Le 19 février dernier, le recteur de l’académie de la Réunion M. Vélayoudom Mairmoutou adressait une circulaire aux chef.fe.s d’établissements scolaires, rappelant les principes de la laïcité, notamment la loi de 2004. À ce titre, il les appelait à veiller à ce que les élèves ne portent pas « de signes ostentatoires d’appartenance religieuse ou communautaire ».
La fin d’un compromis réunionnais ?
Cet avertissement entend mettre fin à des pratiques différenciées de la laïcité au niveau local. En effet, si la Réunion est soumise au régime de la loi du 9 décembre 1905 de la même façon que les autres Département et Régions d’Outre-Mer (DROM) [1], l’appréhension de la loi de 2004 se voulait jusqu’alors plus souple que dans l’hexagone. Ainsi, le kichali, qui est un voile mahorais, mais aussi la marque hindoue du bindi, la croix chrétienne ou le voile musulman étaient tolérés dans les établissements scolaires, car considérés comme des signes culturels n’ayant pas vocation à faire du prosélytisme religieux.

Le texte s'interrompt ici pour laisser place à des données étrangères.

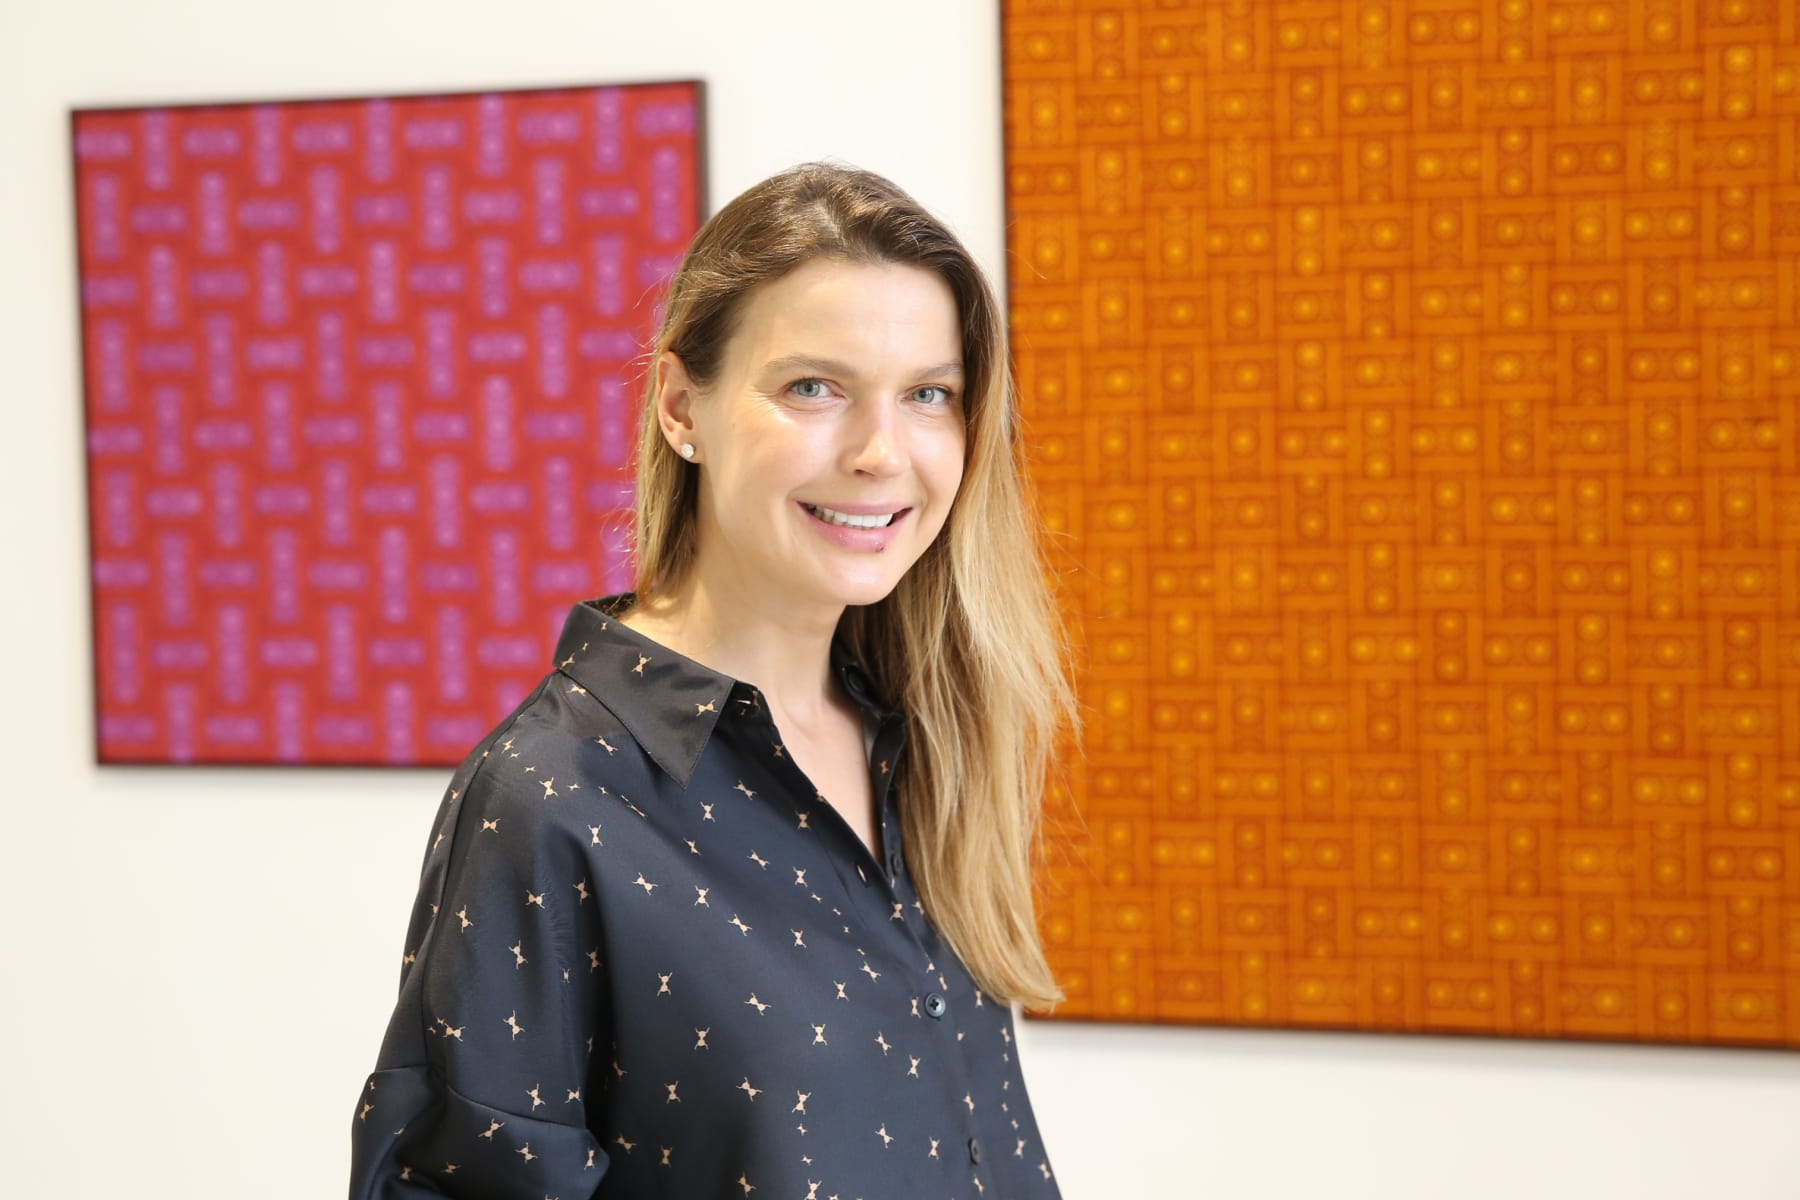 Galerija Vartai, 2019 Indrė Šerpytytė at the opening of her solo exhibition

Il faut en effet bien comprendre la « forte religiosité » constatée par l’Observatoire de la laïcité sur l’île : « Y compris dans le monde du travail, on constate suite à différentes visites d’entreprises que le fait religieux est perçu très différemment que dans l’hexagone : le port de signes religieux (quels qu’ils soient) ou les salles de prière sont bien plus courants sans que cela, semble-t-il, ne pose véritablement question ». Il en va de même à l’école.

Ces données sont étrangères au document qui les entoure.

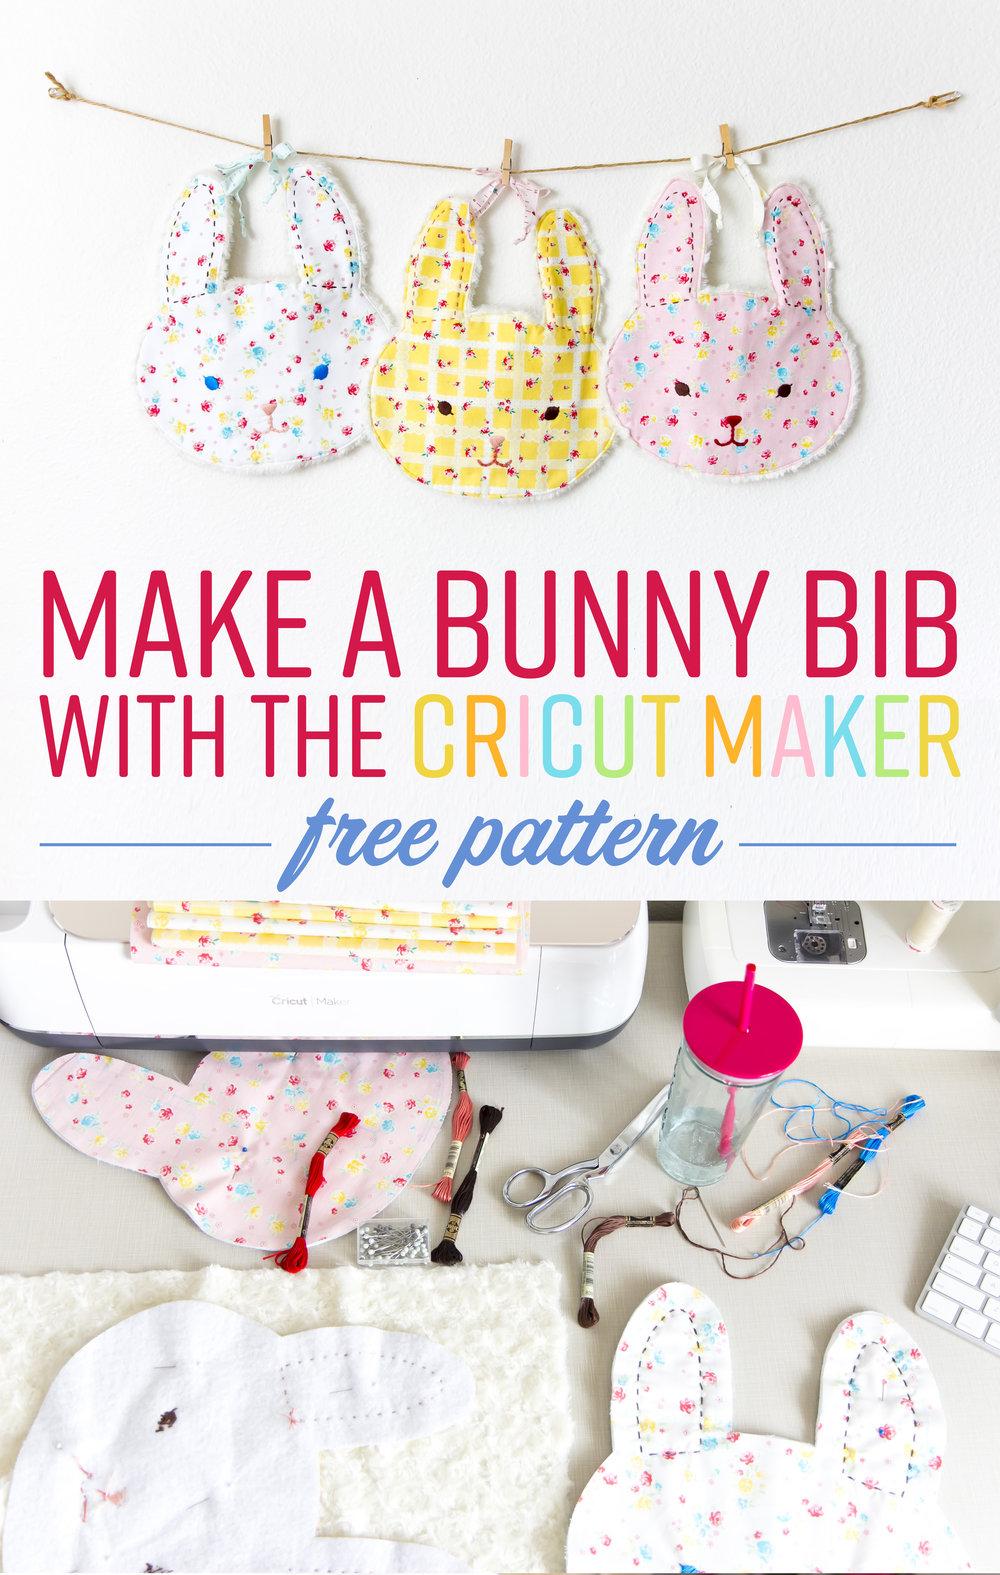 pinterest-cricut-maker-bunny-bib-free-pattern.jpg

Cela s’explique en partie par la forte diversité culturelle et religieuse de l’île : la moitié de la population est catholique, le quart est hindouiste, mais il y a également plus de 10 % de musulmans, et 3,5 % de protestants, ainsi que des communautés bouddhistes, confucianistes, juives et bahá’is. Les fêtes cultuelles, devenues partie intégrante de la culture réunionnaise, encouragent la visibilité religieuse, et sont d’ailleurs subventionnées par les collectivités territoriales. Cette « laïcité pratique » réunionnaise montre une volonté de garder intacts certains particularismes culturels sur l’île. Mais pour certain.e.s, la circulaire du recteur tente de gommer ces spécificités.

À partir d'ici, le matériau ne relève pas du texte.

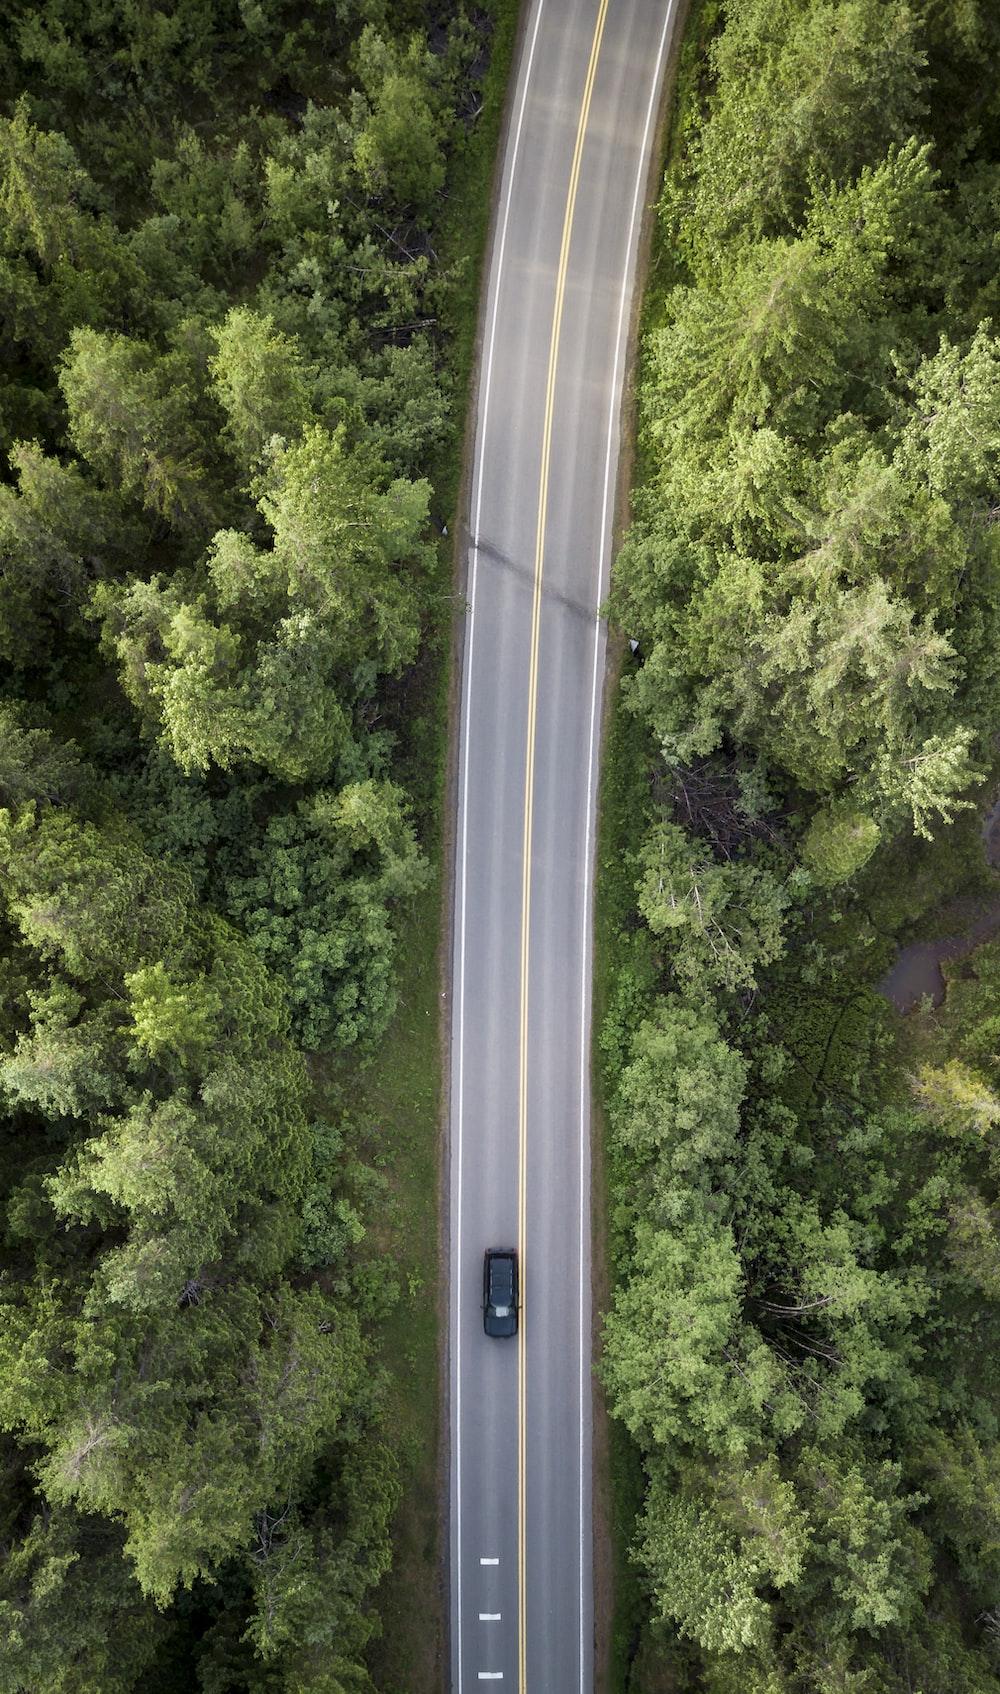 aerial view of black vehicle on gray asphalt road during daytime

Une mesure loin de faire l’unanimité
Le Groupe de Dialogue Interreligieux (GDIR) de l’île n’a pas tardé à faire connaître sa position, et considère dans une lettre ouverte adressée au préfet qu’il s’agit là d’une « volonté d’uniformisation qui ne s’embarrasse même plus de précaution ». Son président, Idriss Issop-Banian, regrette que les problèmes hexagonaux soient importés sur ce territoire de l’Océan Indien « alors qu’ils n’existent pas ». Cette préoccupation de préservation de traditions et de pratiques spécifiques met en lumière l’attachement fort à une identité réunionnaise. Mais, entre une pratique reflétant une diversité propre à l’île, et la volonté de Paris de voir les principes républicains appliqués uniformément sur le territoire, l’équilibre reste à trouver.
Image : Rite hindouiste à la Réunion, By Yves Picq, Wikimedia Commons, CC BY-SA 3.0
[1] A savoir la Guadeloupe et la Martinique. La Guyane et Mayotte font exception : la loi de 1905 n’y est jamais entrée en vigueur. Dans ces collectivités territoriales, le financement des cultes reste soumis au décret-Mandel du 16 janvier 1939.